Task objective >> Copy nothing but the lines running from the one containing "Rescue Diver Retro" through the end of the listing below. Drop the pictures.

Provided data >>

┌──

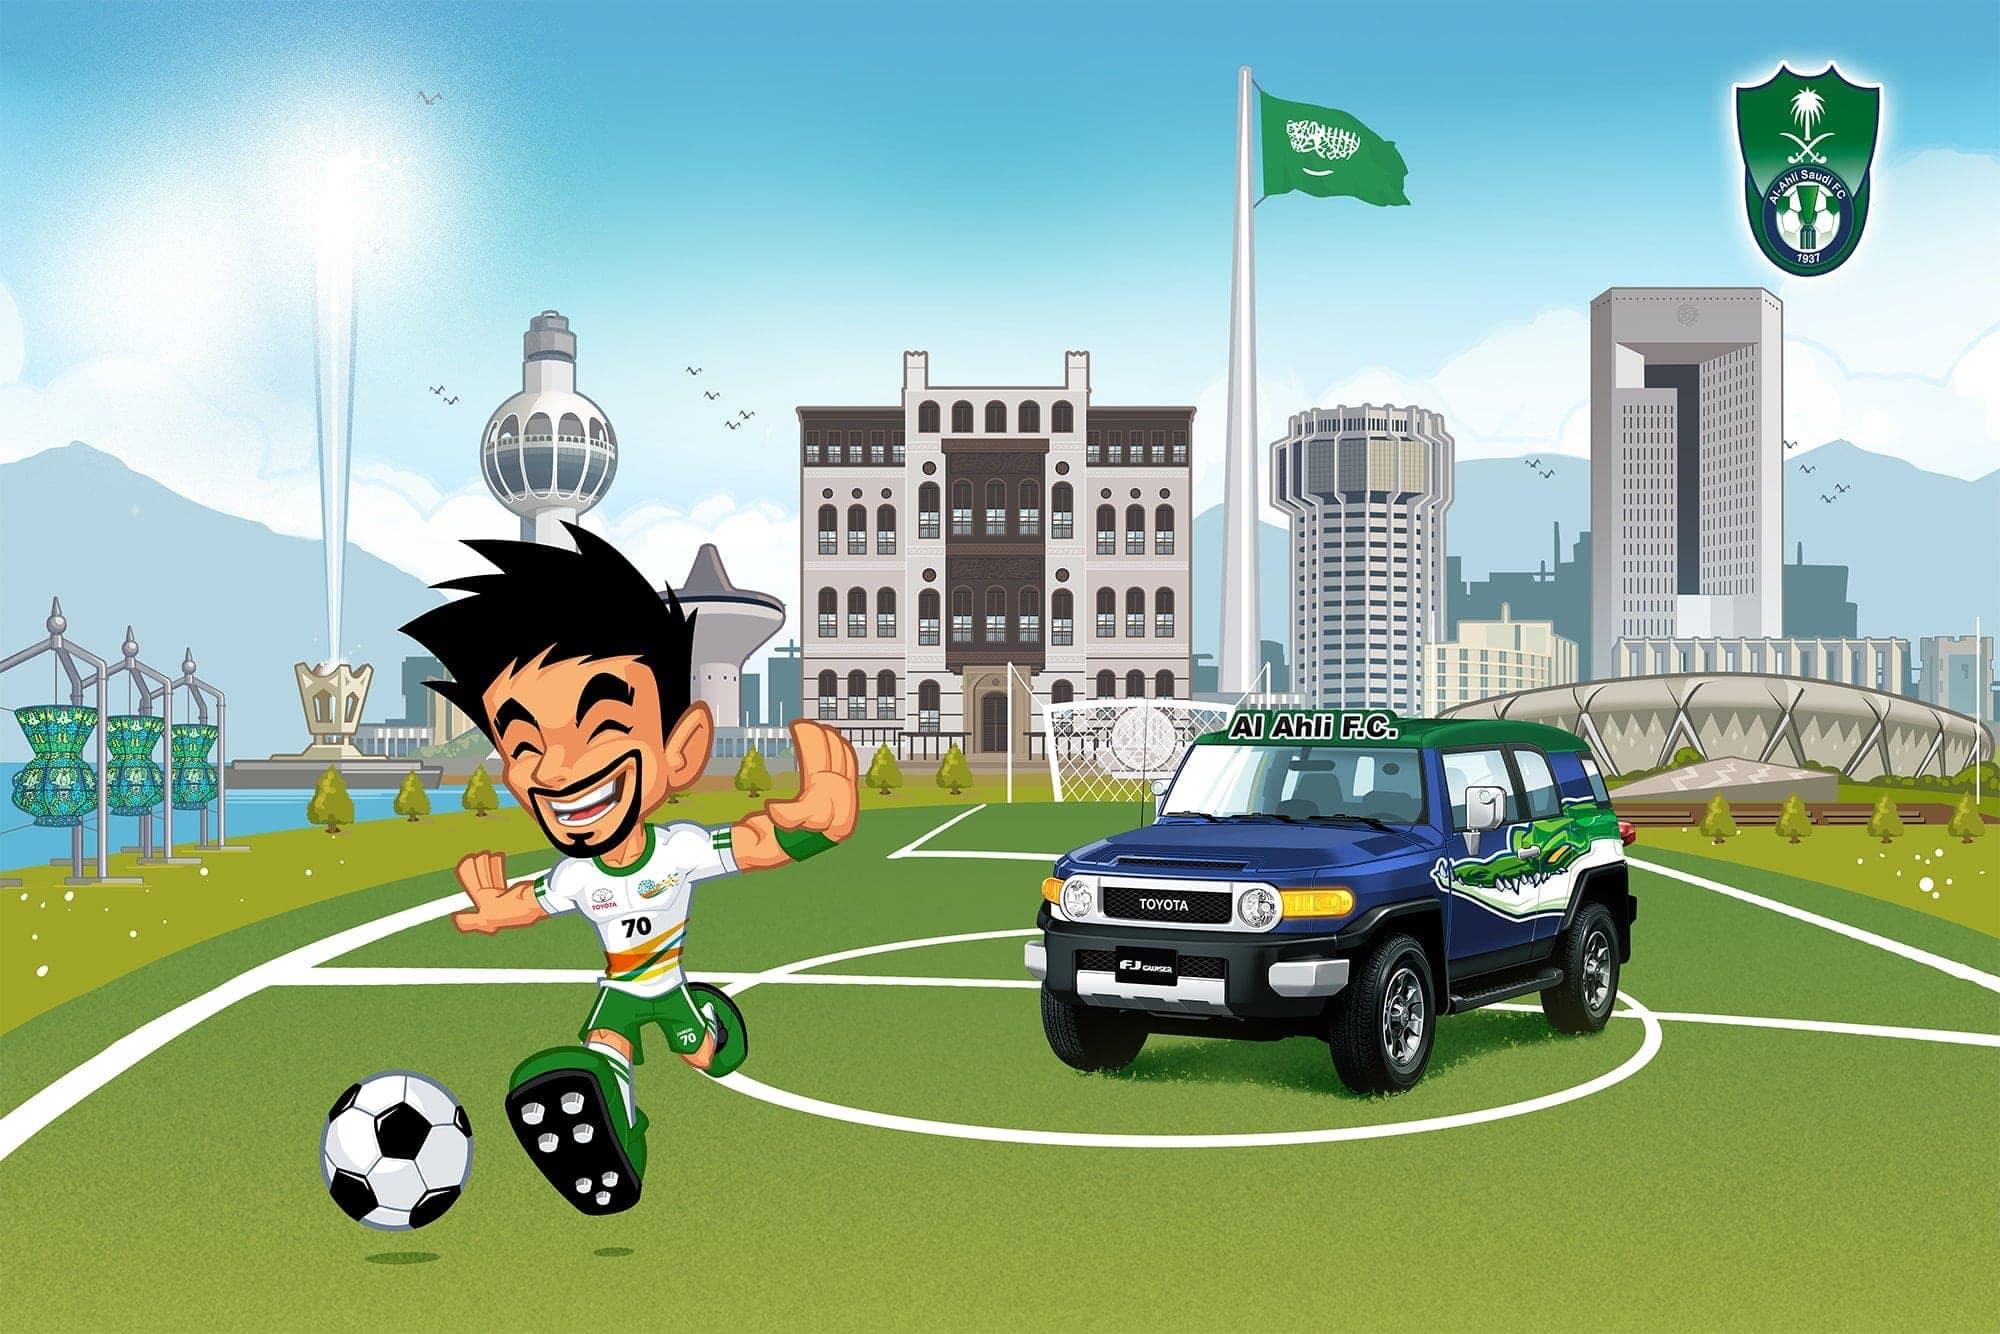 jeddah illustration
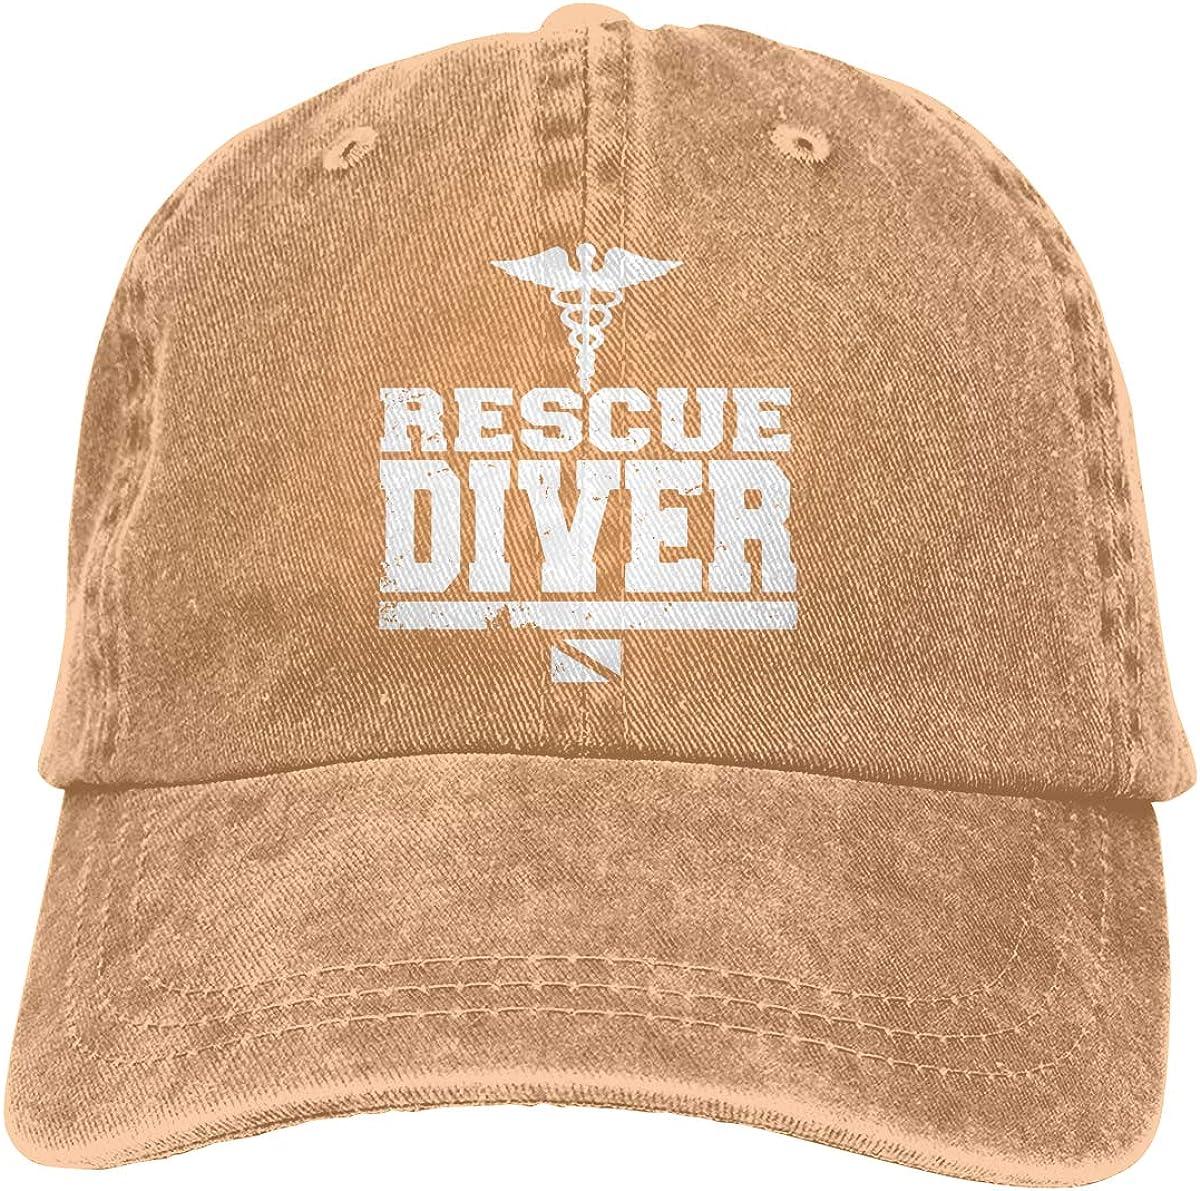 Rescue Diver Retro Denim Baseball Hat Trucker Hat Dad Hat Adjustable
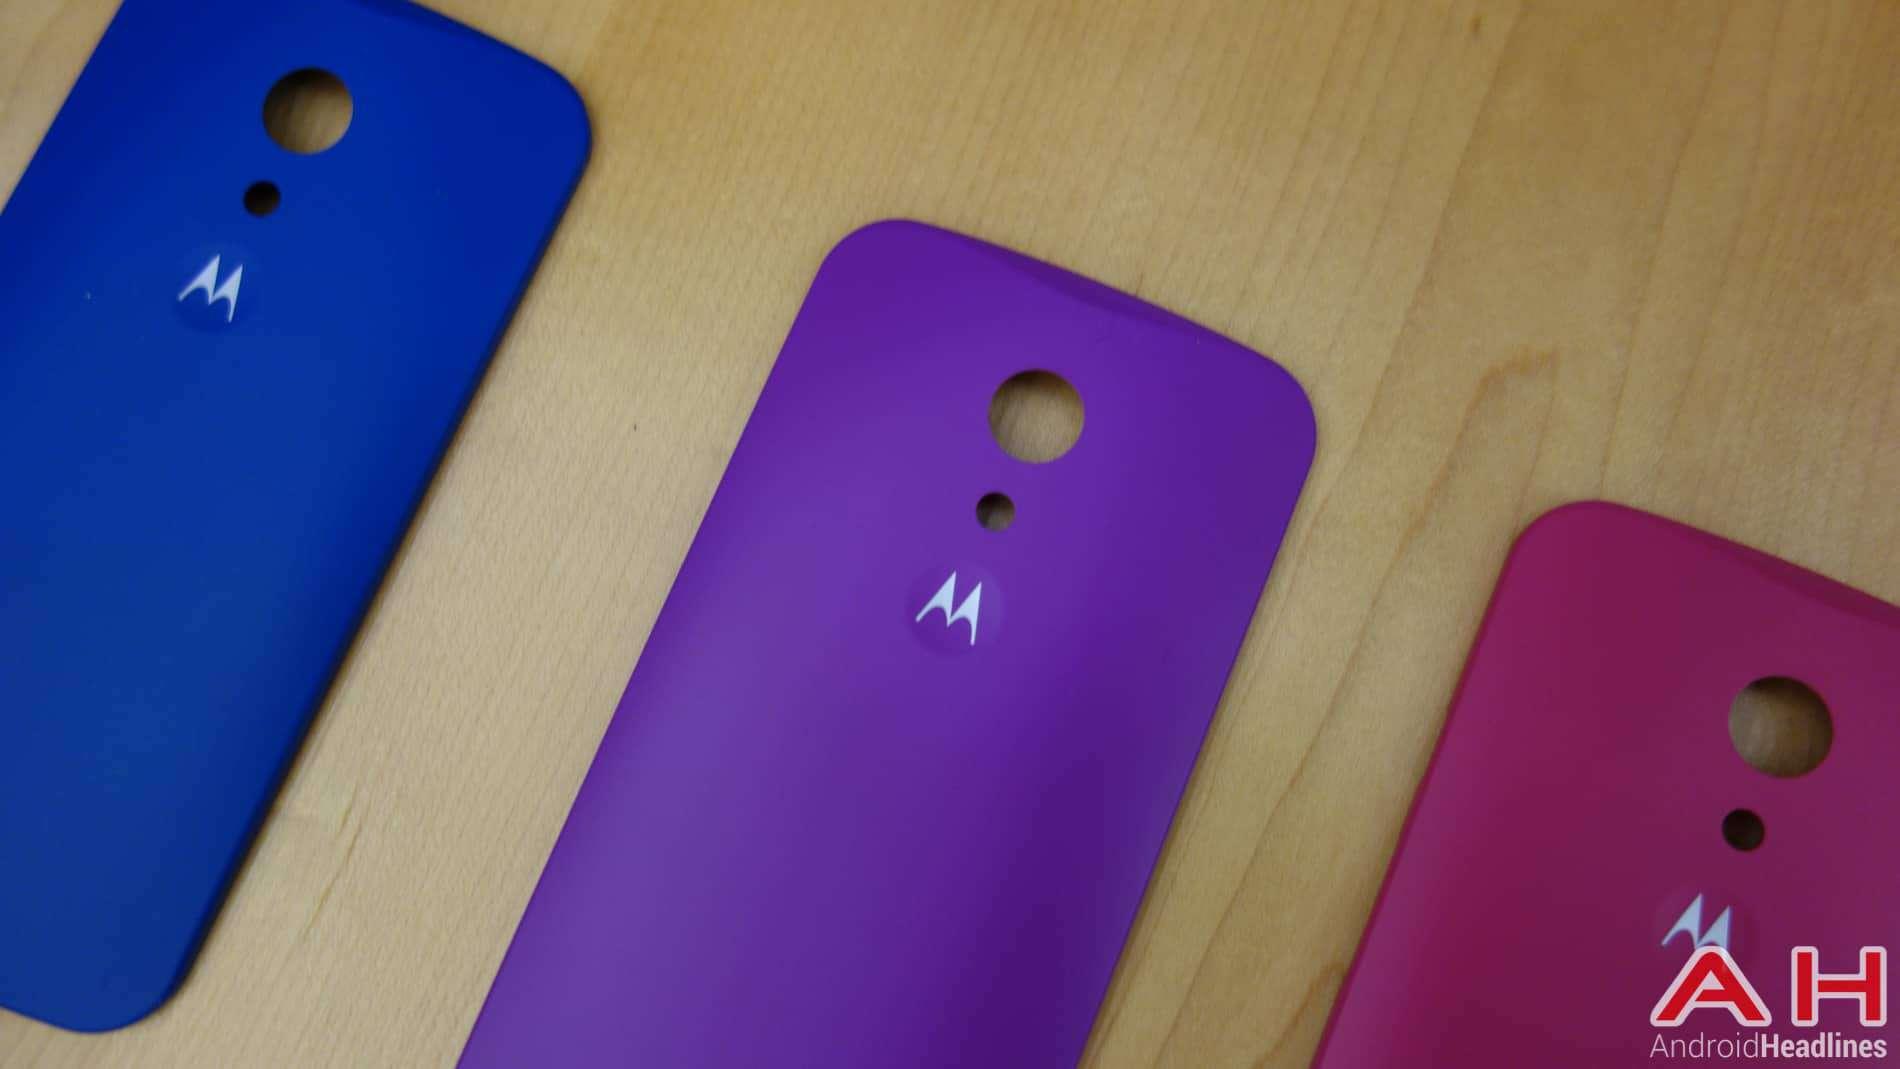 Motorola AH 210

└──

Response to this task >>
 Rescue Diver Retro Denim Baseball Hat Trucker Hat Dad Hat Adjustable
 Motorola AH 210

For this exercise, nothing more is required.